Convert a network into a query expression. This is controlled by the following parameters:

• join_expr: string used to join multiple network wildcard patterns, e.g. logical linking with OR.

• template: resulting pattern is embedded with {network} placeholder in this template. By default the pattern is passed. This can be used to add some annotation/function required by the target query language to handle it as CIDR network.

• wildcard: string used as wildcard character or None if query language can handle CIDR properly.

expand(wildcard: Optional[str] = '*') → List[str]

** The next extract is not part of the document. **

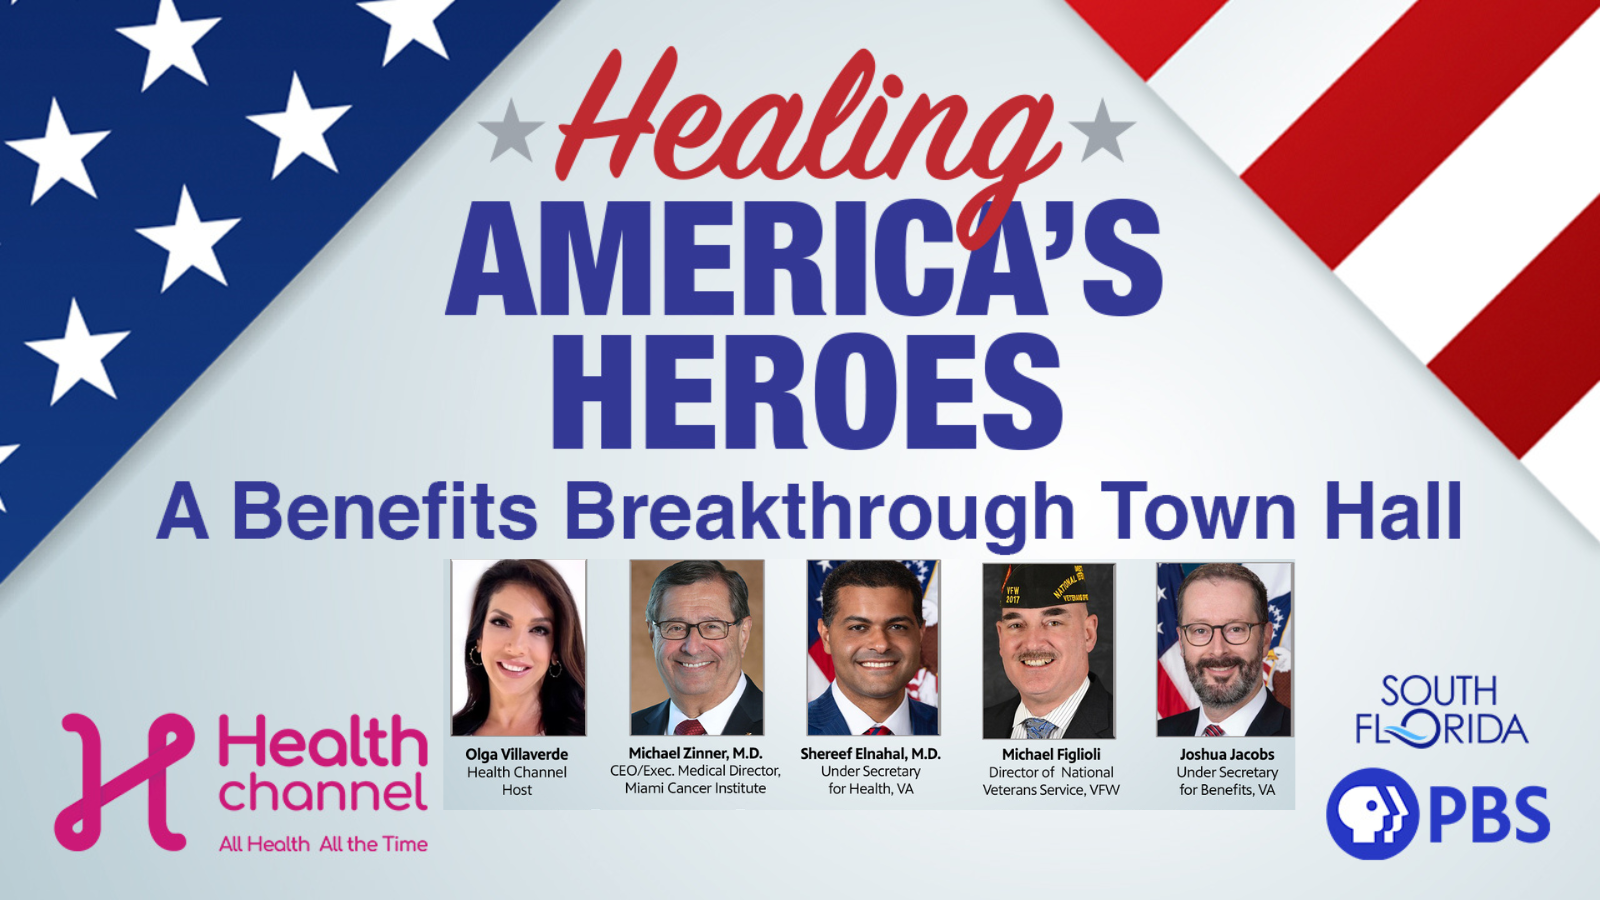 Healing America’s Heroes: A Benefits Breakthrough Town Hall
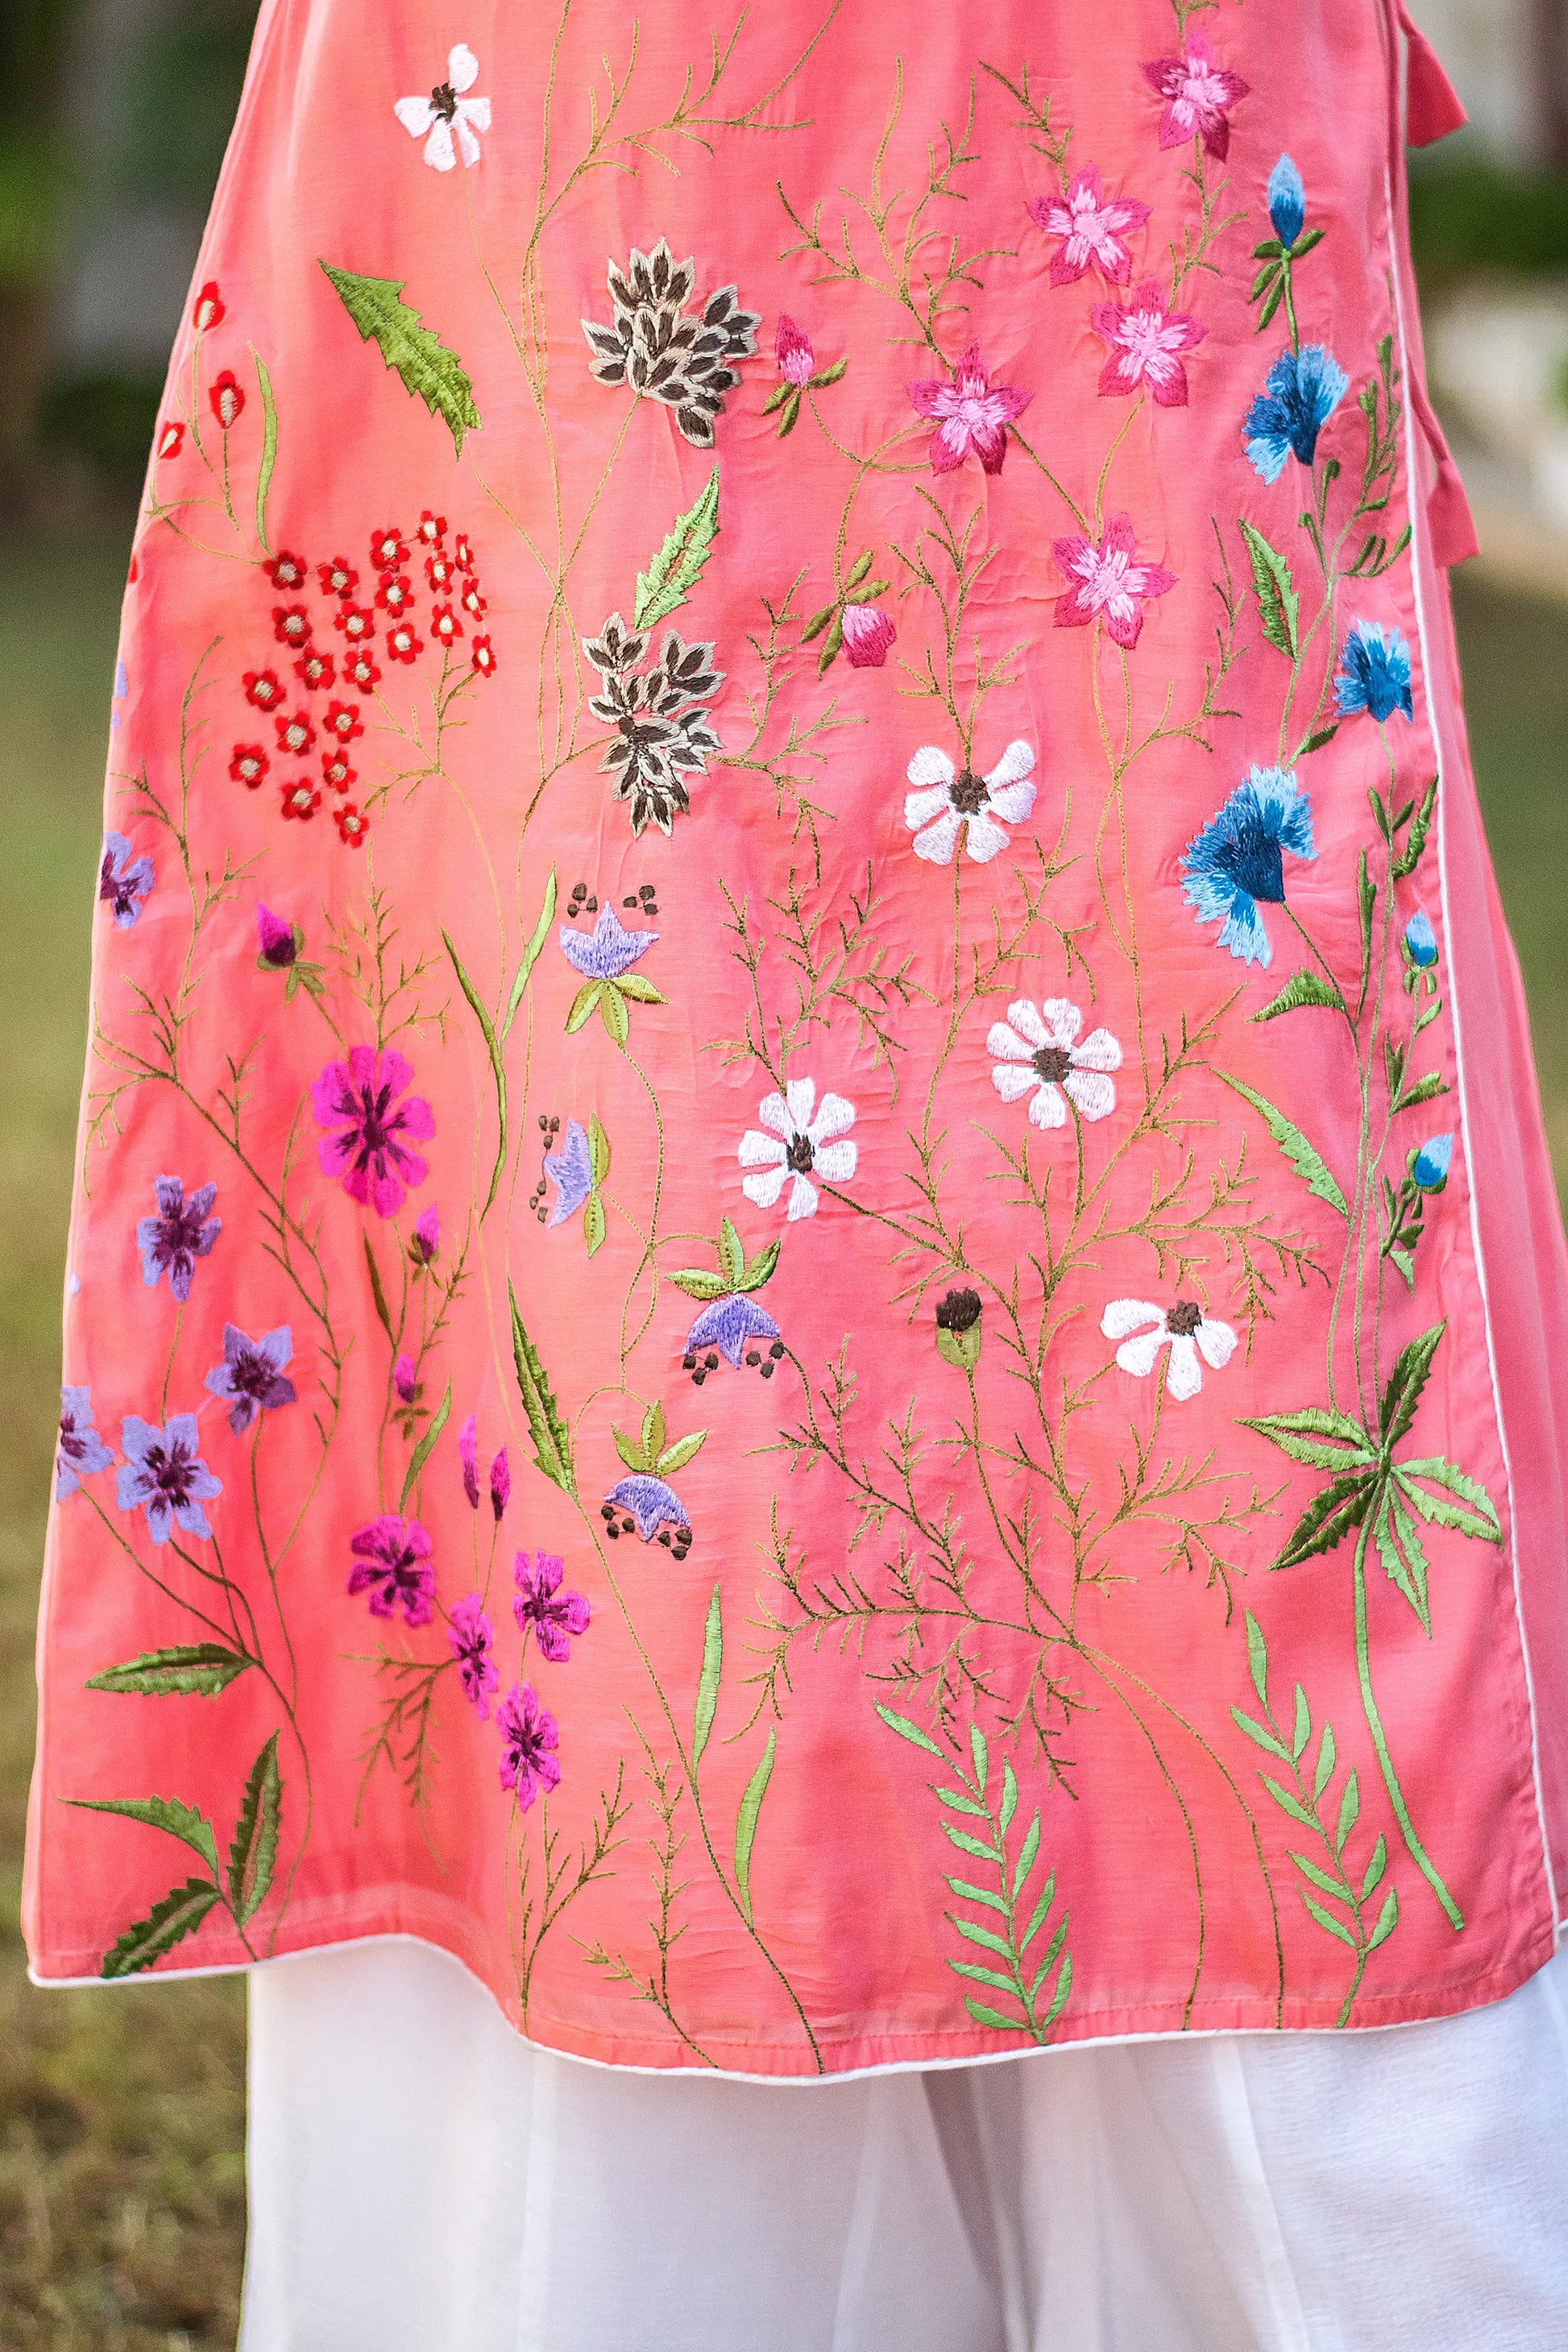 Detailed shot of the multicolour floral embroidery on the pink kurta as styled by the mode

Convert CIDR range into a list of wildcard patterns or plain CIDR notation. The following parameters allow to change the behavior:

• wildcard: string that should be output as wildcard.

Setting wildcard to None indicates that this feature is not need and the query language handles CIDR notation properly.

SigmaCompareExpression

class sigma.types.SigmaCompareExpression(number: sigma.types.SigmaNumber, op: sigma.types.SigmaCompareExpression.CompareOperators, source: Optional[sigma.exceptions.SigmaRuleLocation] = None)

class CompareOperators(value)

An enumeration.

SigmaQueryExpression

class sigma.types.SigmaQueryExpression(expr: str)

Special purpose type for passing a query part (e.g. list lookups in placeholders) directly into the generated query. The query string may contain a {field} placeholder, which is replaced with the field name contained in the detection item containing the query expression. This is done by the finalize method.

Because this is very specific to the target language, it has to be used in late stages of the conversion process by backend-specific processing pipelines or the backend itself.